Trzeba przyznać, że zacząłem się łamać. Dodatkowe trzy dni w tym raju... I pewnie bym się zgodził, gdyby w tej chwili nie odezwała się ta nadęta bufonka.

- Byle szybko. Za dwa dni przyjeżdża mój narzeczony, a on absolutnie nie może zamieszkać w innym apartamencie.

Ach tak! Przed moimi oczami ukazał się obraz przystojnego blondyna siedzącego na werandzie, popijającego szampana i z wyniosłą miną wpatrującego się w tłum kotłujący na plaży. A wśród tych rozkrzyczanych plażowiczów ja - wciśnięty pomiędzy cudze leżaki, obsypywany piaskiem przez rozbrykane dzieciaki, ze znużeniem wypatrujący odrobiny cienia...

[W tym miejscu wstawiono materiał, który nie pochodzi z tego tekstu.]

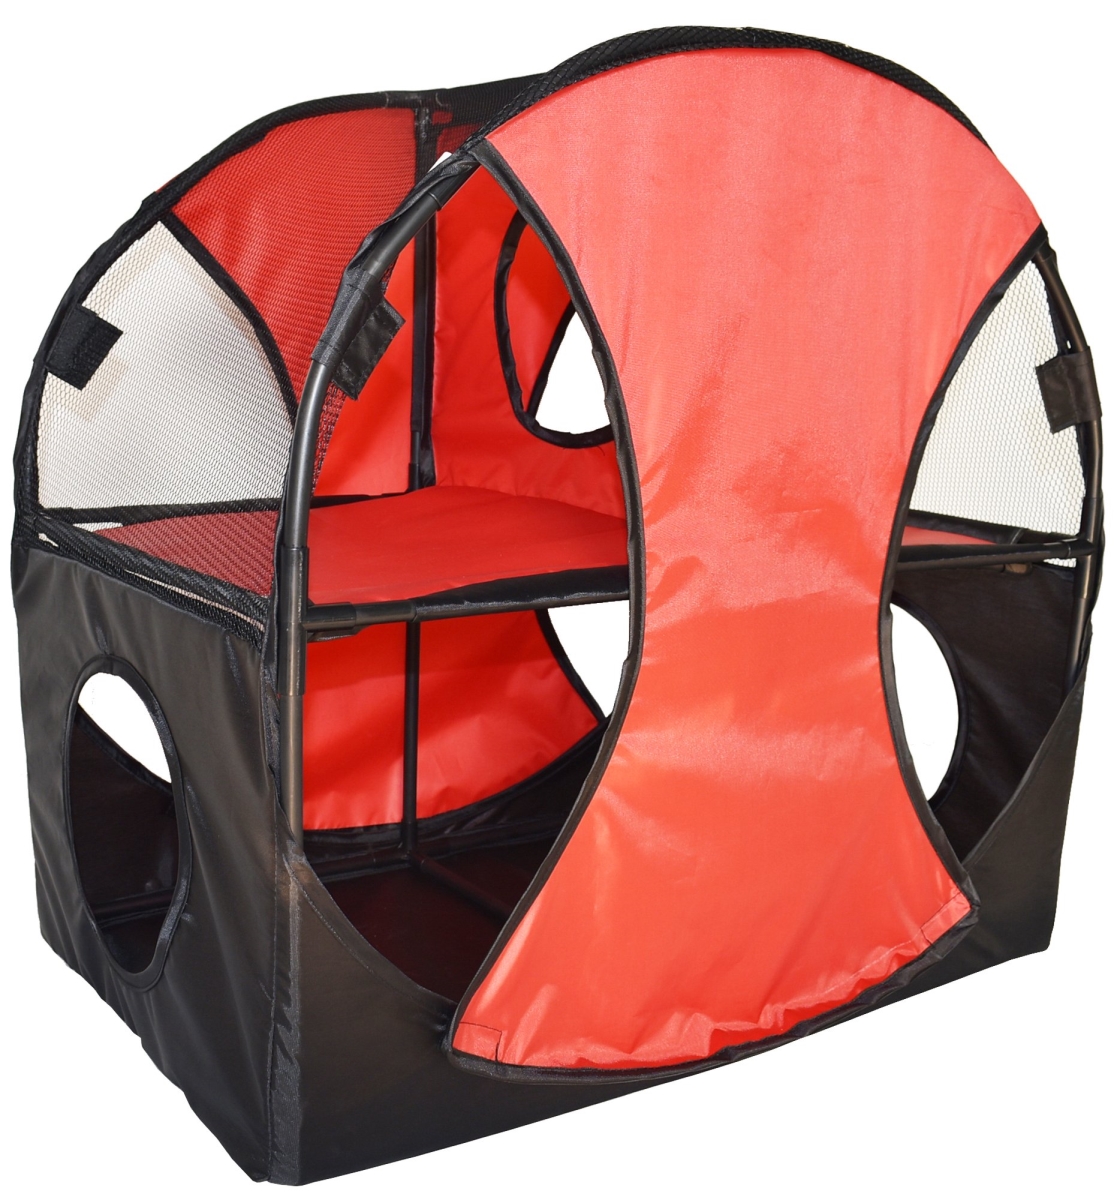 Kitty Play Pet Cat House, Red & Black - One Size

Trochę przesadziłem, ale ta barwna scenka dała mi siłę do zwalczenia pokusy pójścia na ugodę.

- Figa z makiem - oznajmiłem pogodnie. - Nigdzie się stąd nie ruszam!

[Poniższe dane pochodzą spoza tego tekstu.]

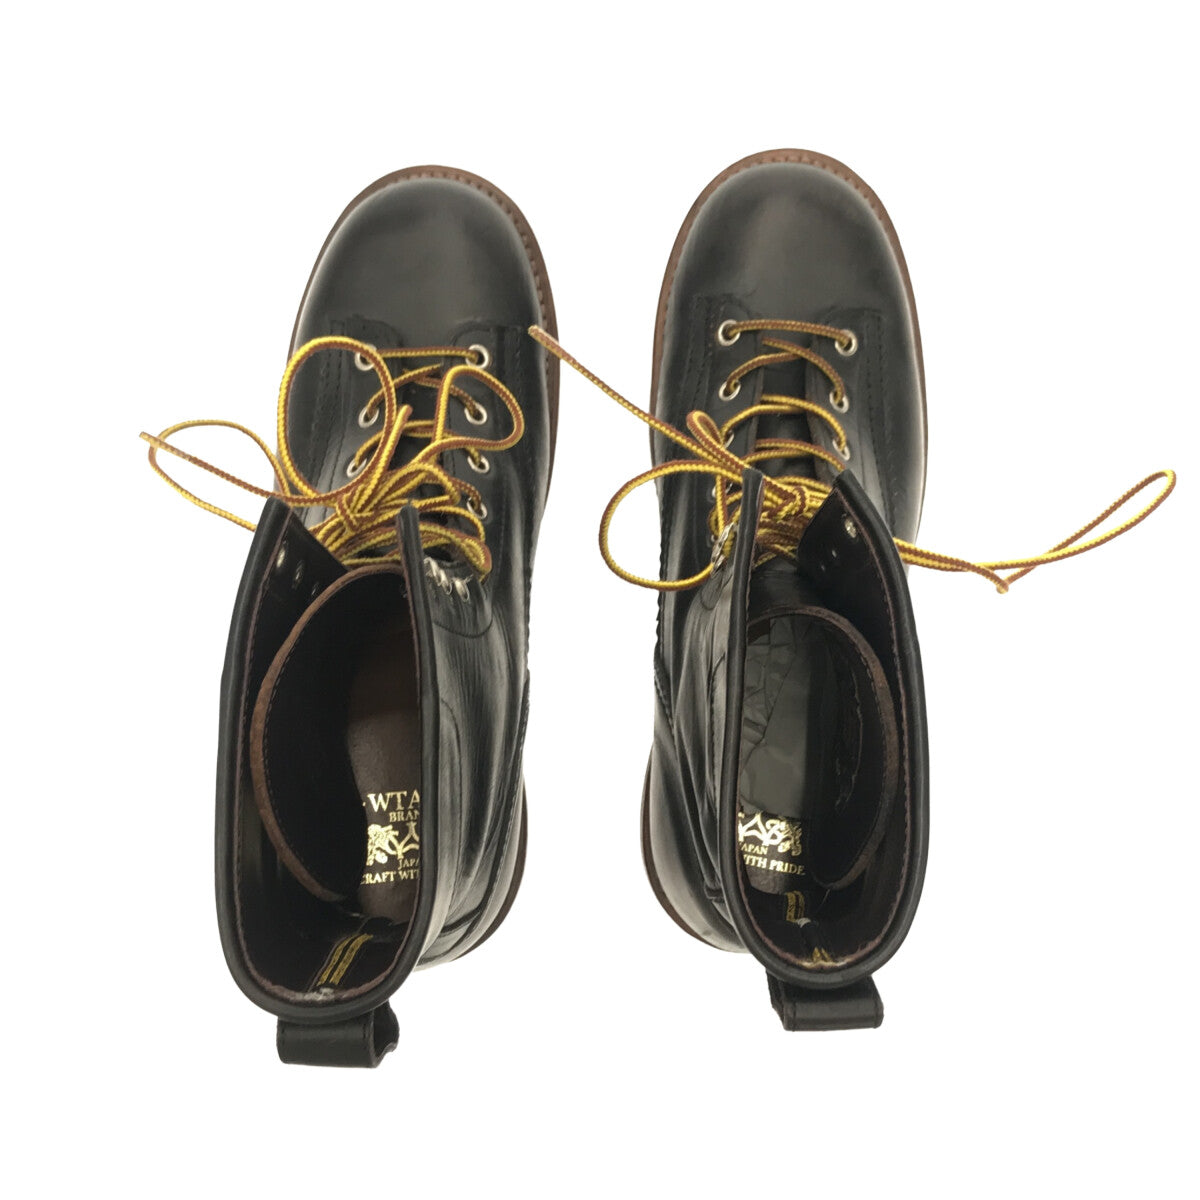 【H】WTAPS 09AW BEETLE BOOTS 27cm

- Tak?! To jeszcze zobaczymy. Proszę przynieść moje bagaże - z wymuszonym spokojem zwróciła się do stojącej z tyły, pokojówki. - I postawić je w sypialni.

Co za bezczelna osoba!

- Łóżko jest duże - powiedziałem jadowicie. - Nie wiem tylko, co na to twój narzeczony?

Nie zniżyła się do odpowiedzi i bez skrępowania zwinęła moją napoczętą paczkę orzeszków. Potem zdjęła bluzkę i skierowała się do łazienki. W milczeniu wysłuchałem ponownych przeprosin kierowniczki, obejrzałem sobie cały bagaż mojej współlokatorki, po czym energicznie wstałem i przygotowałem dużego, naprawdę mocnego drinka.

Tak jak się tego spodziewałem, z łazienki wyszła owinięta jedynie w wilgotny ręcznik. Nie zwracając na mnie najmniejszej uwagi, podniosła jedną z walizek i położyła na łóżku. Siedziałem cichutko jak mysz pod miotłą, podziwiając widok, który się przede mną roztaczał - idealnego, kobiecego ciała, w apetycznym czekoladowym kolorze.

No tak... Ten hipotetyczny blondyn to ma dobrze.

Z nagłym przypływem masochizmu przypomniałem sobie ostatnią kandydatkę, która do mnie startowała. Nie dość, że miała brzuszek jakby była w zaawansowanej ciąży, to jeszcze cudownie odstające uszy. Było mi jej trochę żal, więc nie zerwałem od razu, stopniowo usiłując ochłodzić stosunki. Mój podstawowy problem polegał na tym, że w takich sytuacjach nie umiałem jasno postawić sprawy.

Czy byłem aż tak nieatrakcyjny?

Zerwałem się z fotela i wbiegłem do łazienki. Potem zapatrzyłem się w lustro, jakbym pierwszy raz w życiu widział własne odbicie.

No więc... Byłem szczupły, ale nie dobrze zbudowany. Raczej niewysoki, o ile metr sześćdziesiąt już na wstępie nie kwalifikował do karzełków. Jasna karnacja, twarz pełna piegów i na początku lata, nieodmiennie strasząca intensywnie buraczkową opalenizną. Kasztanowe włosy. Duże, brązowe oczy z domieszką zieleni. Zadarty nos w okrągłej twarzy i wyraziste usta.

Słowem - tak przeciętnie. Gdzie mi tam do seksownego blondyna...

Wnioski, do których doszedłem, były tak mało zadowalające, że zmarkotniały poczułem nagłą ochotę na kolejnego drinka. Nic w tym dziwnego, że nawet nagi nie wzbudziłem zainteresowania takiej kobiety.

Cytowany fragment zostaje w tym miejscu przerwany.